• _Information supplied_
--- START ---

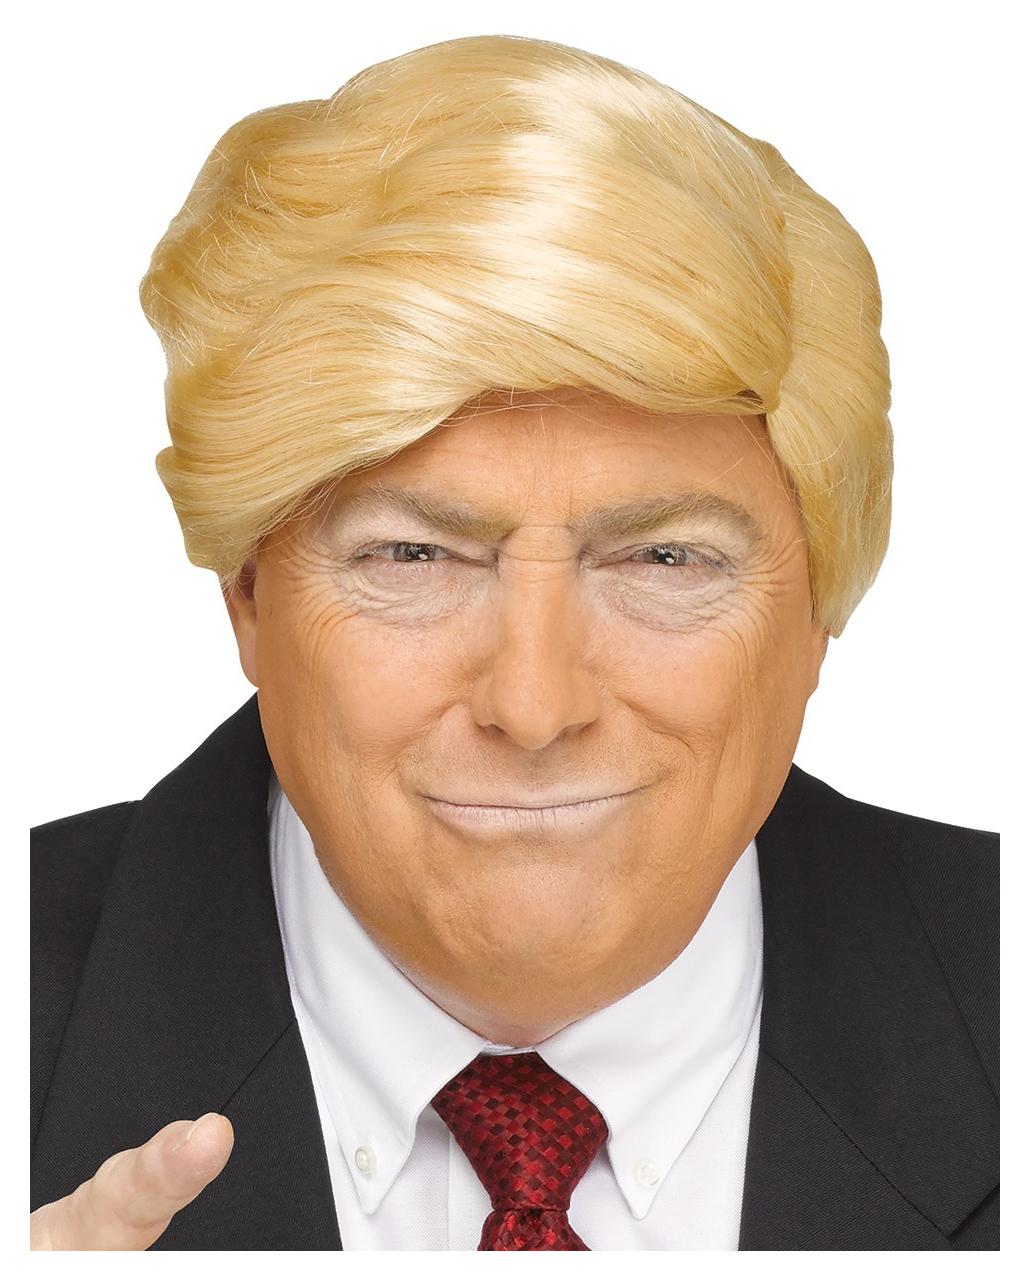 Trump Perucke
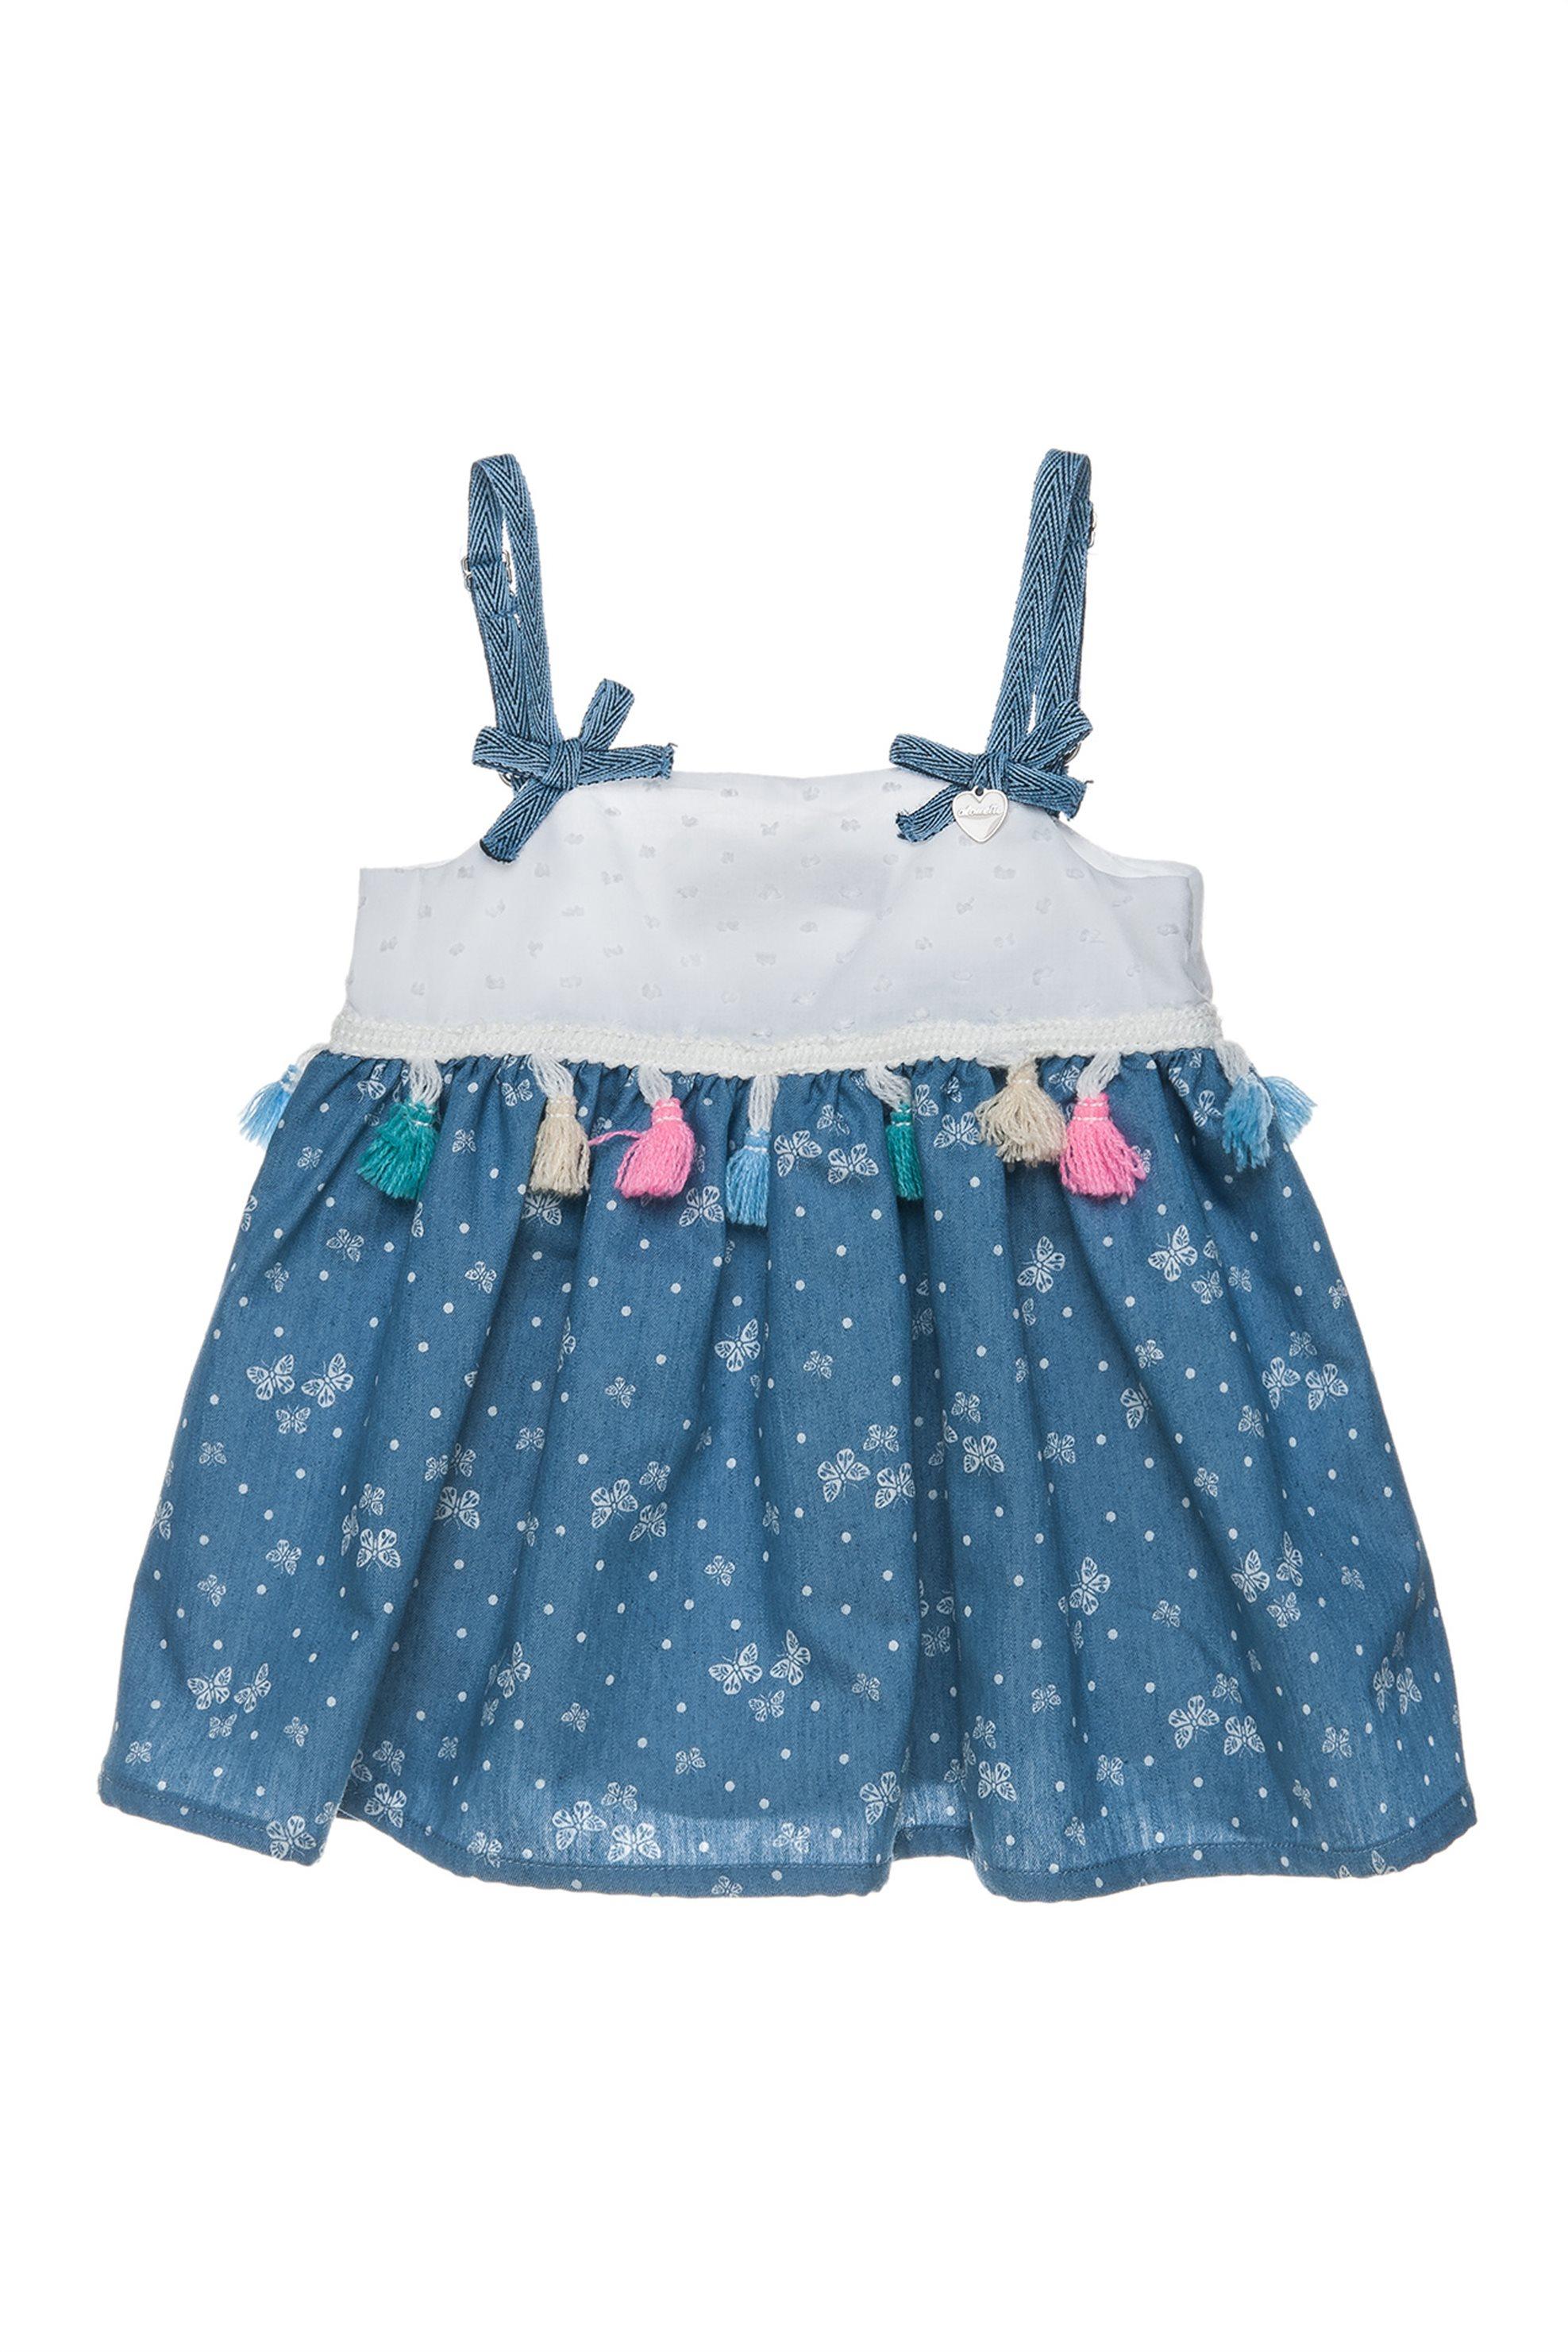 Παιδικό φόρεμα με κρόσσια Alouette - 00241210 - Λευκό παιδι   βρεφικα κοριτσι   0 3 ετων   ρούχα   φορέματα   φούστες
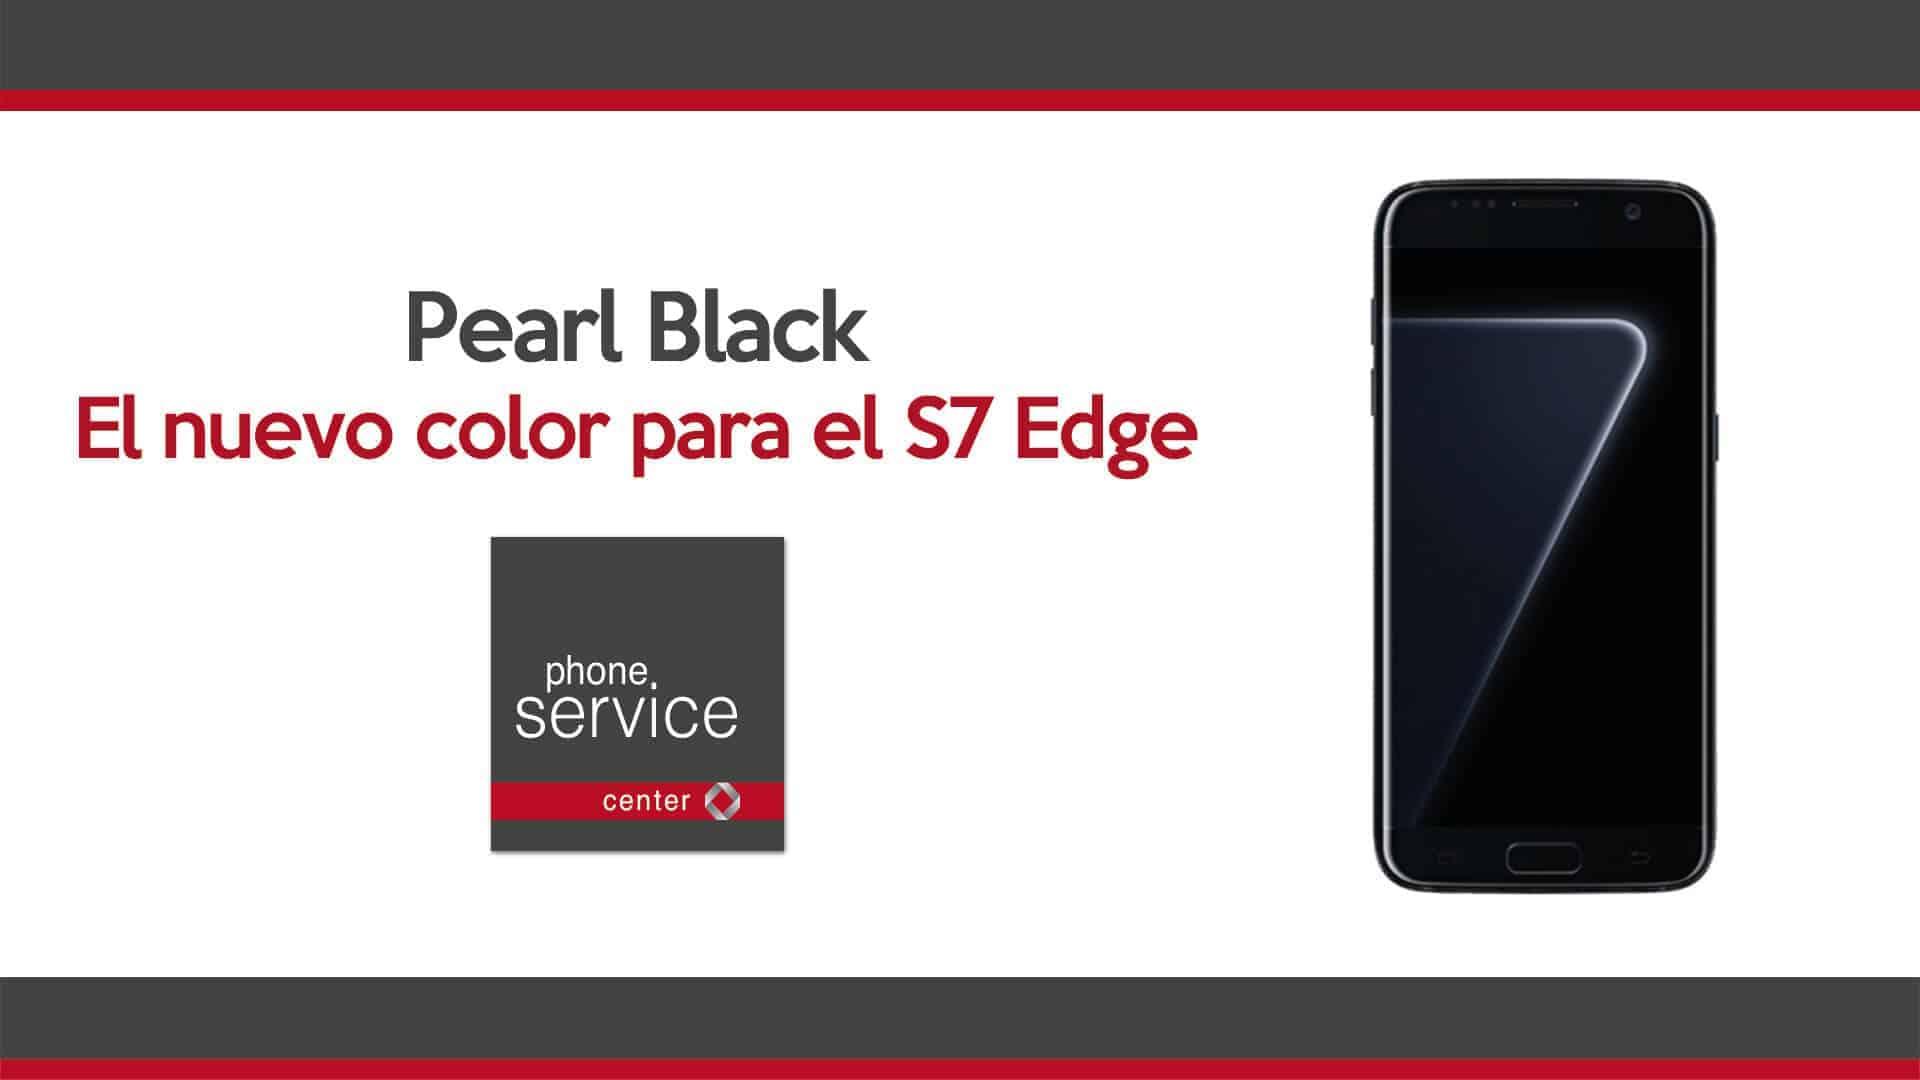 pearl-black-es-el-nuevo-color-para-el-s7-edge

--- END ---

Whenever a line holds a picture, print that line without the picture. All other data must be output exactly.

• _Written reply_
 Trump Perucke
 Παιδικό φόρεμα με κρόσσια Alouette - 00241210 - Λευκό παιδι   βρεφικα κοριτσι   0 3 ετων   ρούχα   φορέματα   φούστες
 pearl-black-es-el-nuevo-color-para-el-s7-edge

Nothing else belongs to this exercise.